Missy_Lacock_Bio_PhotoI wrote young, and I wrote a lot. In fact, I can’t pinpoint my first writing folly: I’ve given my stories away for holidays with the worst illustrations imaginable for as long as I can remember. However, I do know my first grade assignment was reprinted and “published” on the school bulletin board when my nickname was still Missy Kissy. The plot (ha!) involved a little girl lost in a blizzard, and never mind where her parents were. I still remember catching an error my teacher made retyping it: She had changed “of” to “for,” and yes, I was as inconsolable as I would be now. The next year, I penned a story about discovering my sister was an alien (sorry, Christina) and won the school’s PTA fine arts contest. The story went to state, bad hand writing and all.

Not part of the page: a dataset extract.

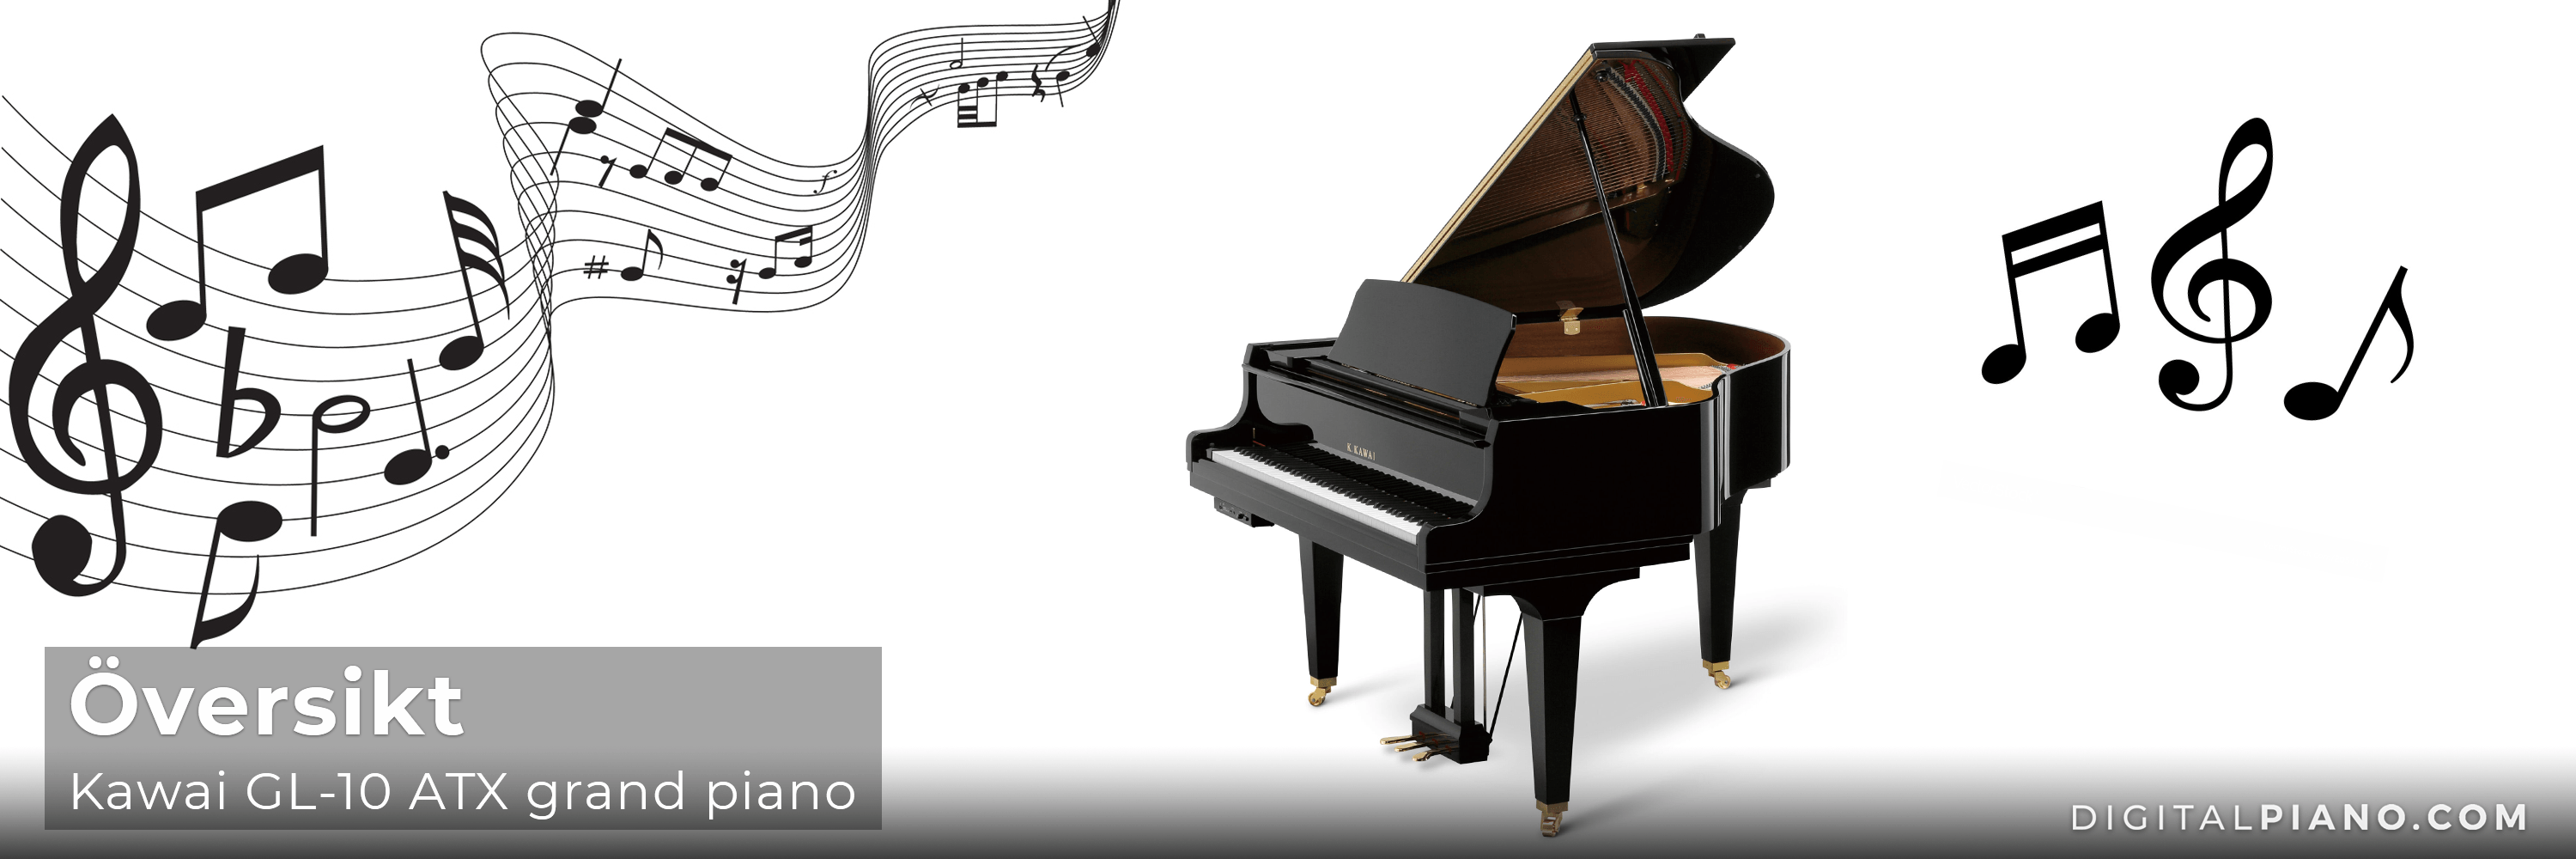 Översikt - Kawai GL-10 ATX grand piano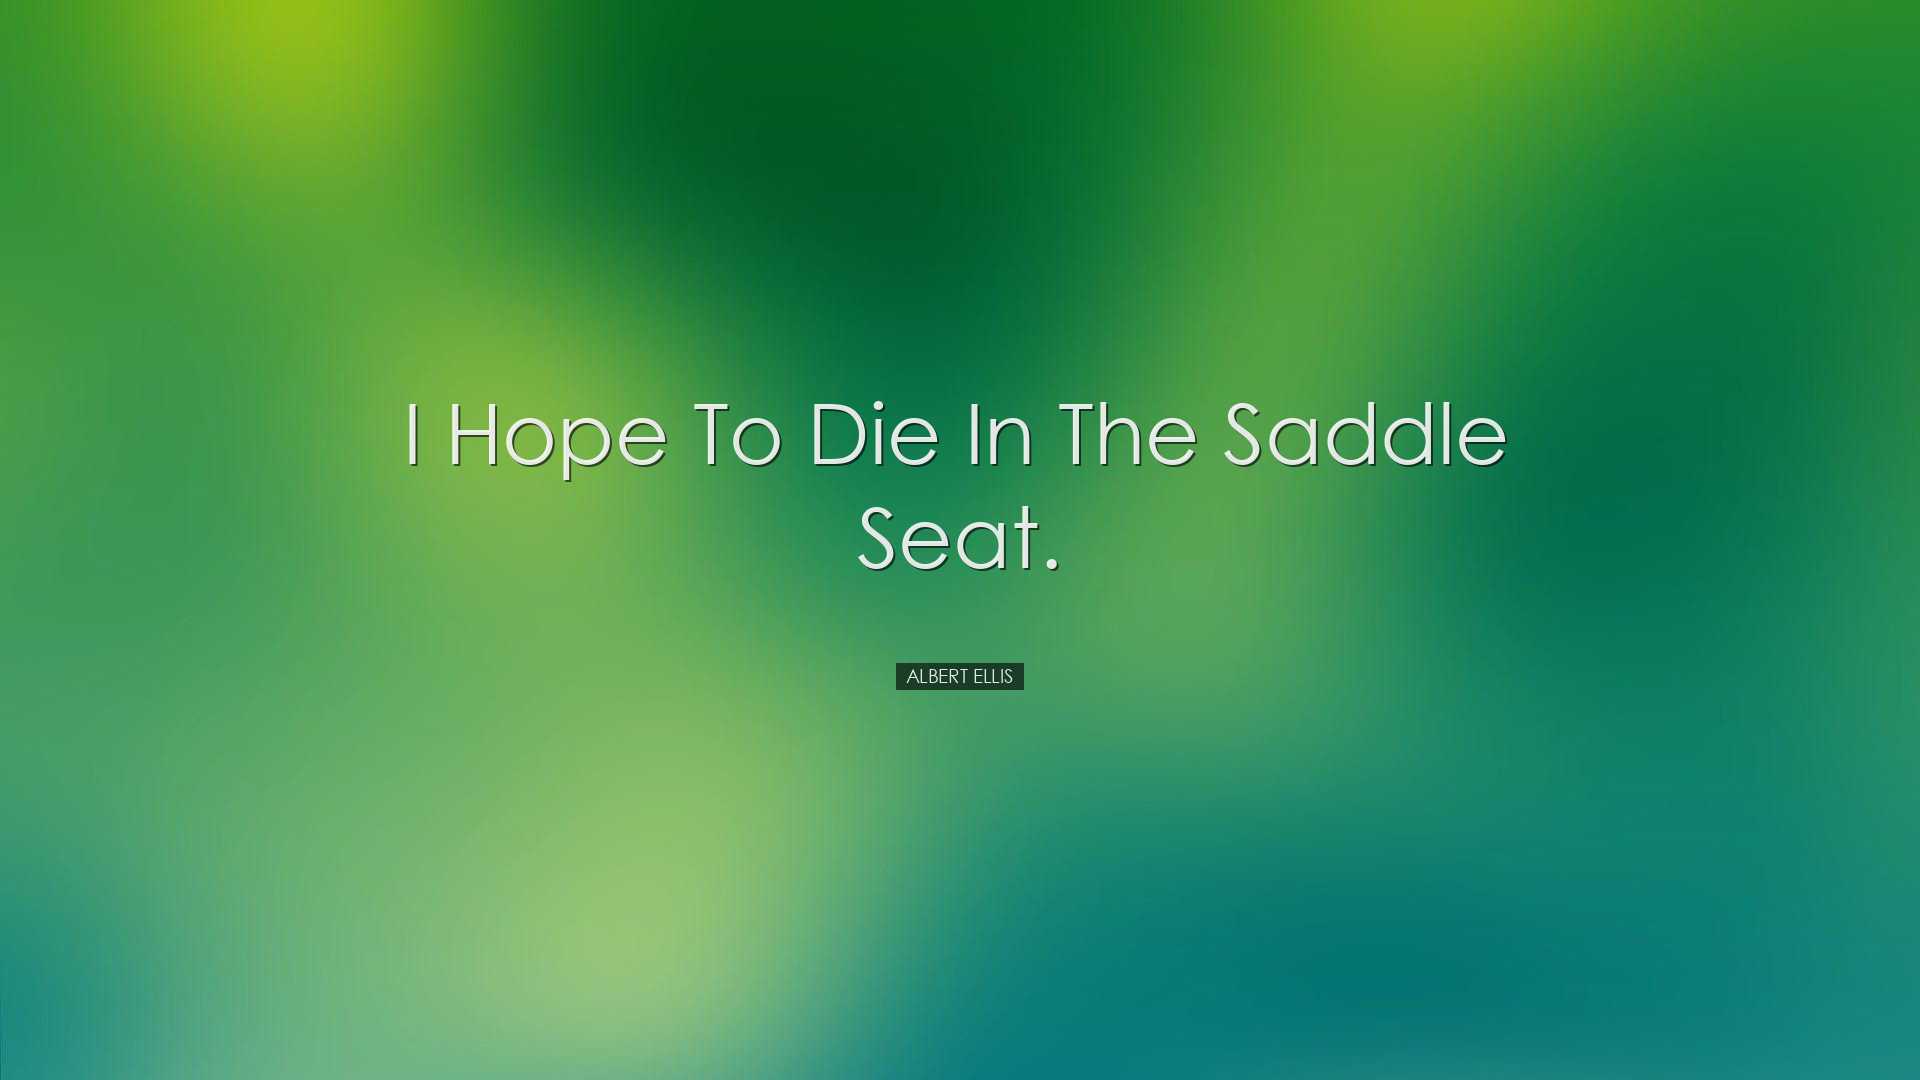 I hope to die in the saddle seat. - Albert Ellis

But my earliest, most ambitious work I remember was titled—get ready—“A Sad Story with a (wait for it) Happy Ending” about an abusive stepfather. And no, I did not have an abusive stepfather. I did, however, have enough comma splices and an AP/Chicago/Missy hybrid style to confuse any native English speaker. I was only eight, but it was a good fifteen pages single-spaced, and my mom had it bound with a purple cover, which I promptly ruined with a black marker and some water. Fifth grade, however, was truly the year I became a little writer (probably because I figured out how to use a computer): I wrote a regular “newspaper” for my household and a dozen thirty-page mystery stories (hey, I was reading Trixie Belden at the time). I had to use the industrial stapler to clamp the stacks together, and the stories were even eligible for the Pizza Hut reading program for students at my school. And with that, my eleven-year old self officially puts my current, graduate school self to shame. And now I want pizza.